*** Excerpted data ***

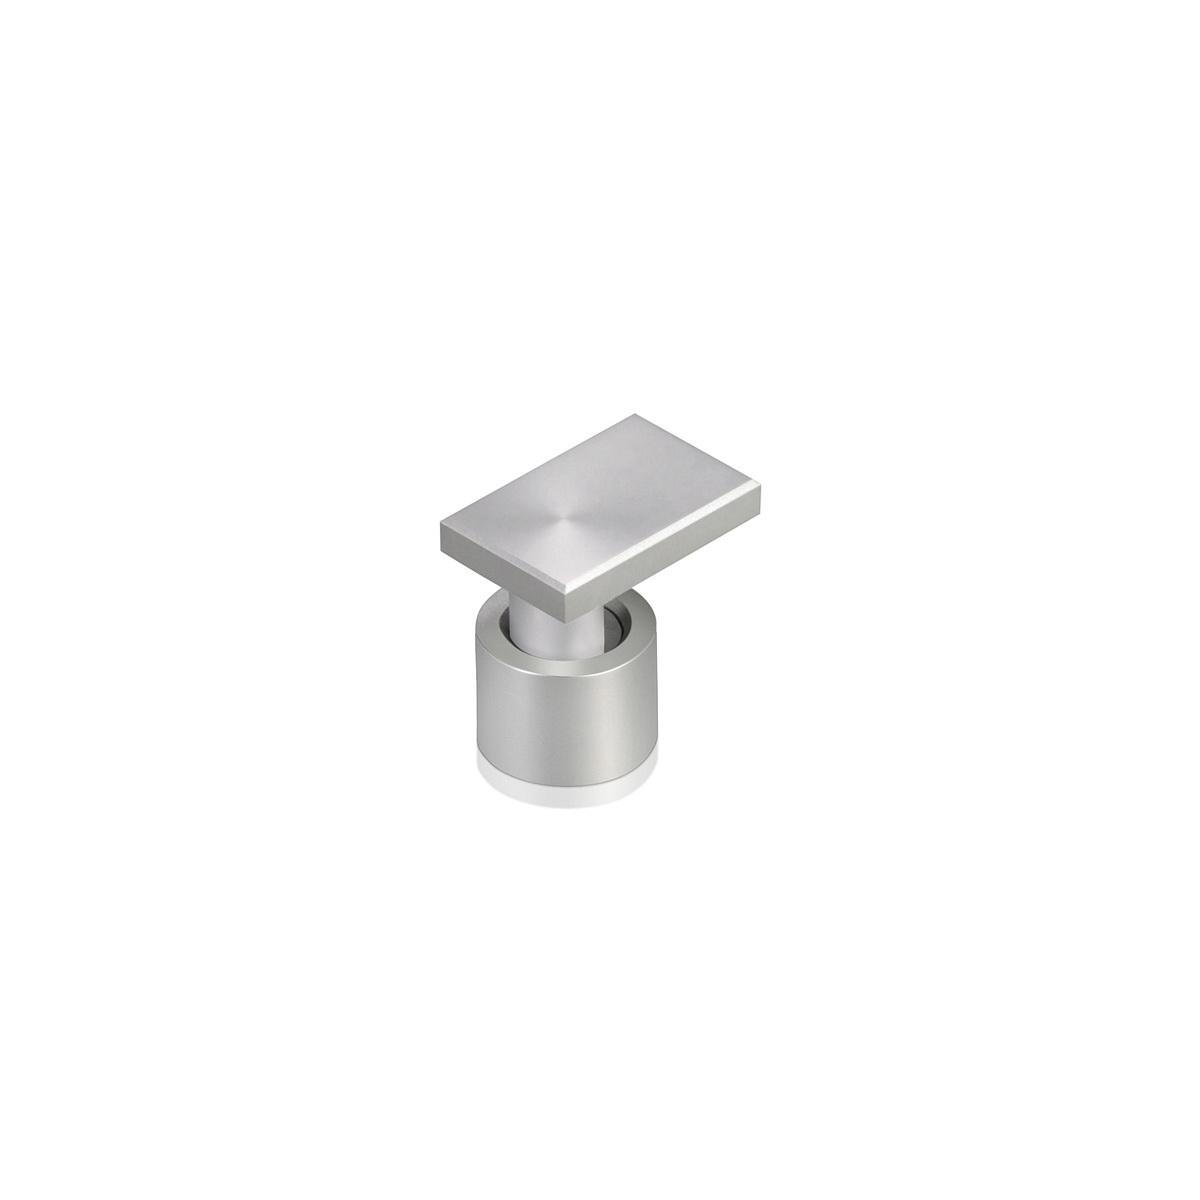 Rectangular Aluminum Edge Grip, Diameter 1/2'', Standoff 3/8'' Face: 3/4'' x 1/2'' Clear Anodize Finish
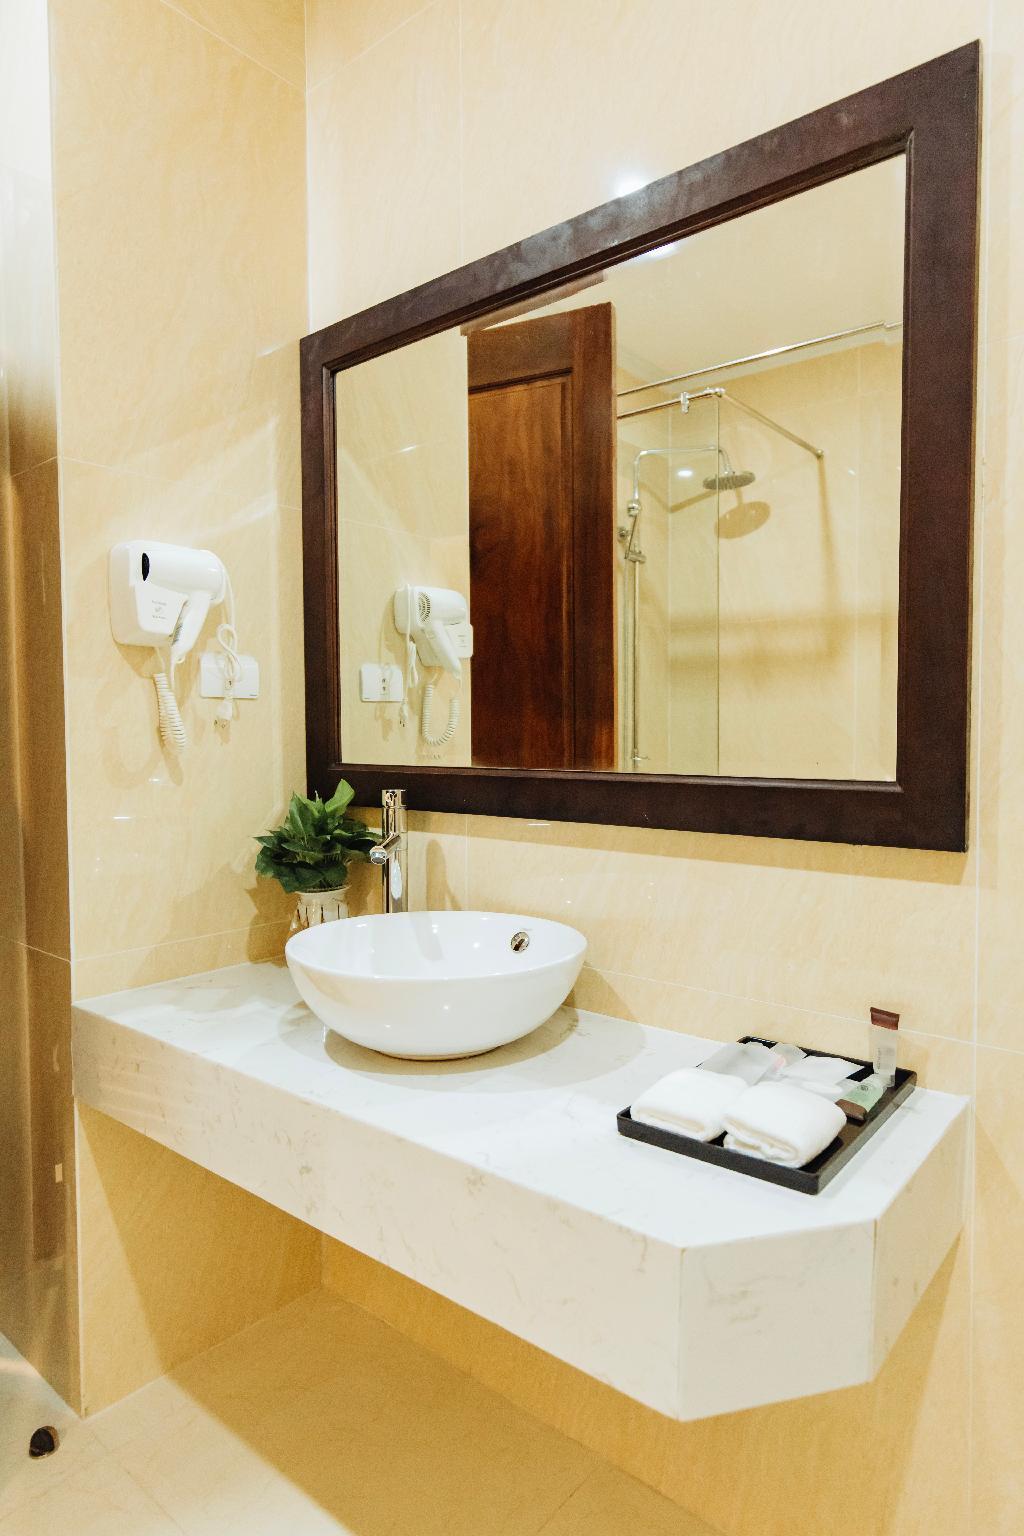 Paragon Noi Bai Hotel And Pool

*** End of Excerpted data ***
*** Excerpted data ***

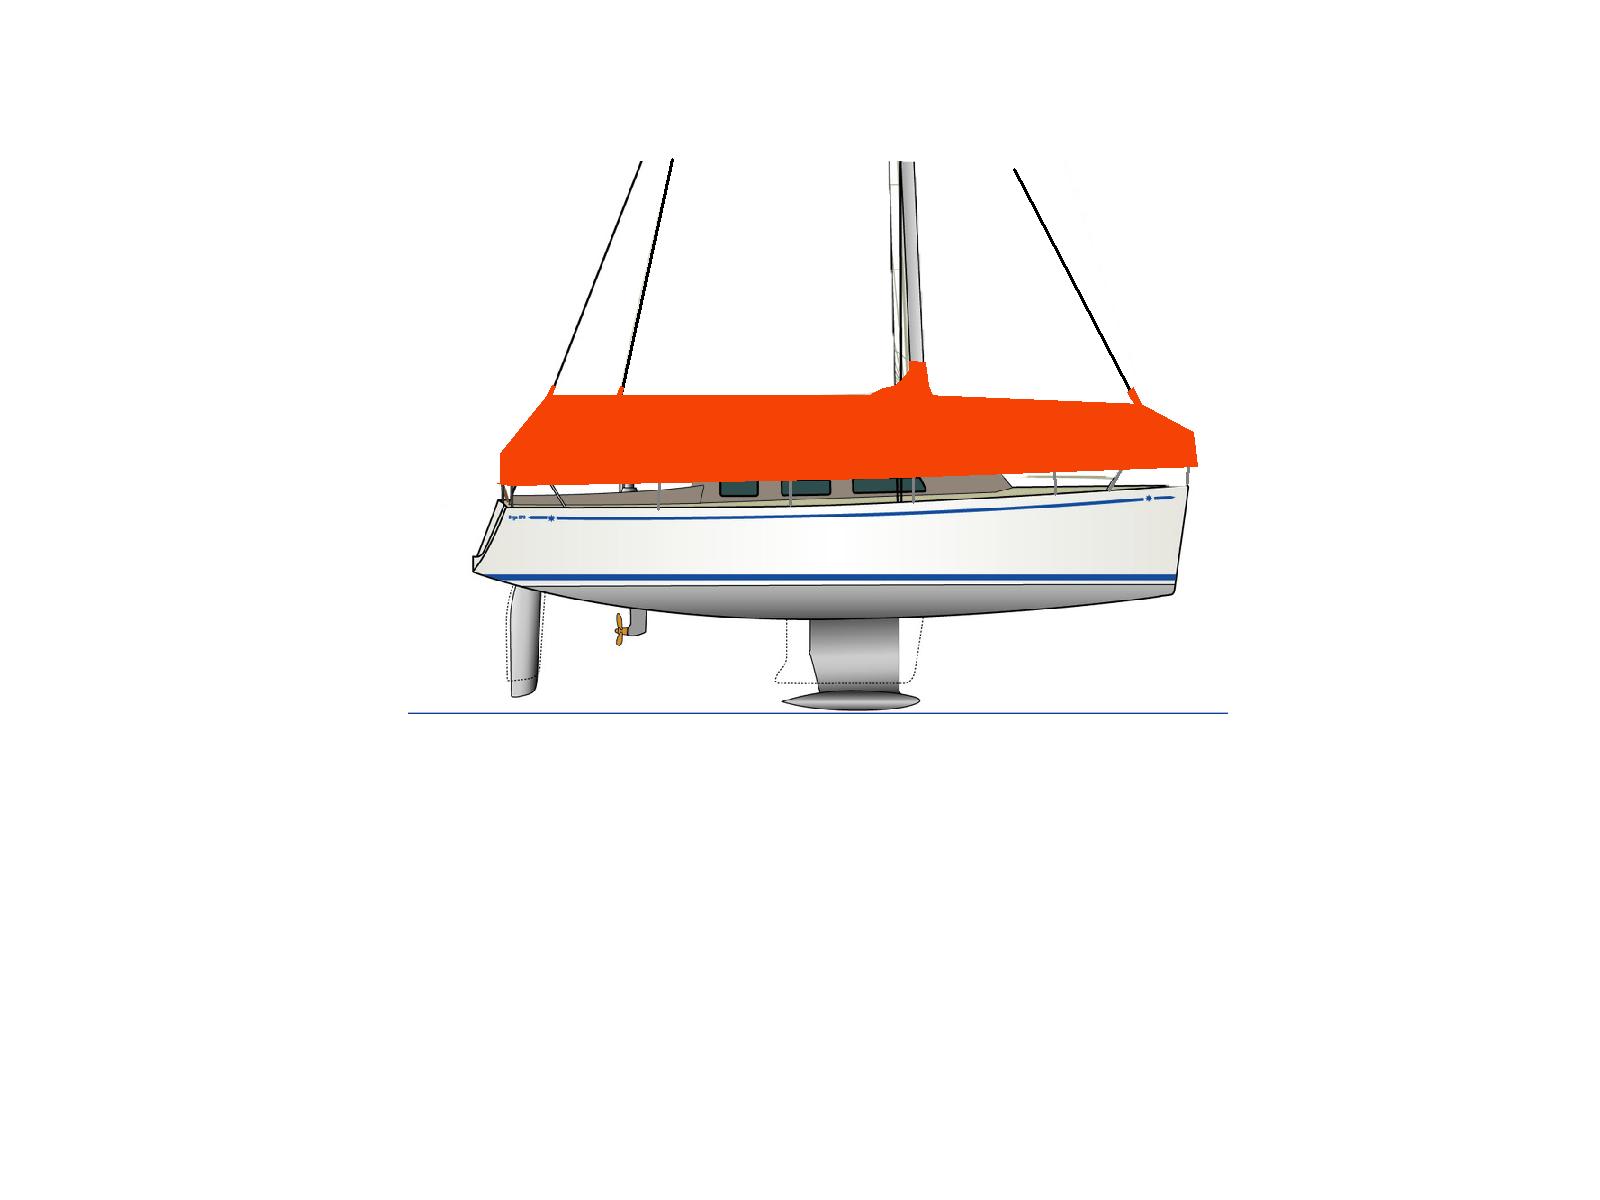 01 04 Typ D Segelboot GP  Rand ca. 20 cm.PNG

*** End of Excerpted data ***

Only the lines between the one with "Rectangular Aluminum Edge" and the one with "Paragon Noi Bai Hotel And Pool", those two included, get copied from the material above. Keep it exact and free of pictures.

** Written solution **
 Rectangular Aluminum Edge Grip, Diameter 1/2'', Standoff 3/8'' Face: 3/4'' x 1/2'' Clear Anodize Finish
 Paragon Noi Bai Hotel And Pool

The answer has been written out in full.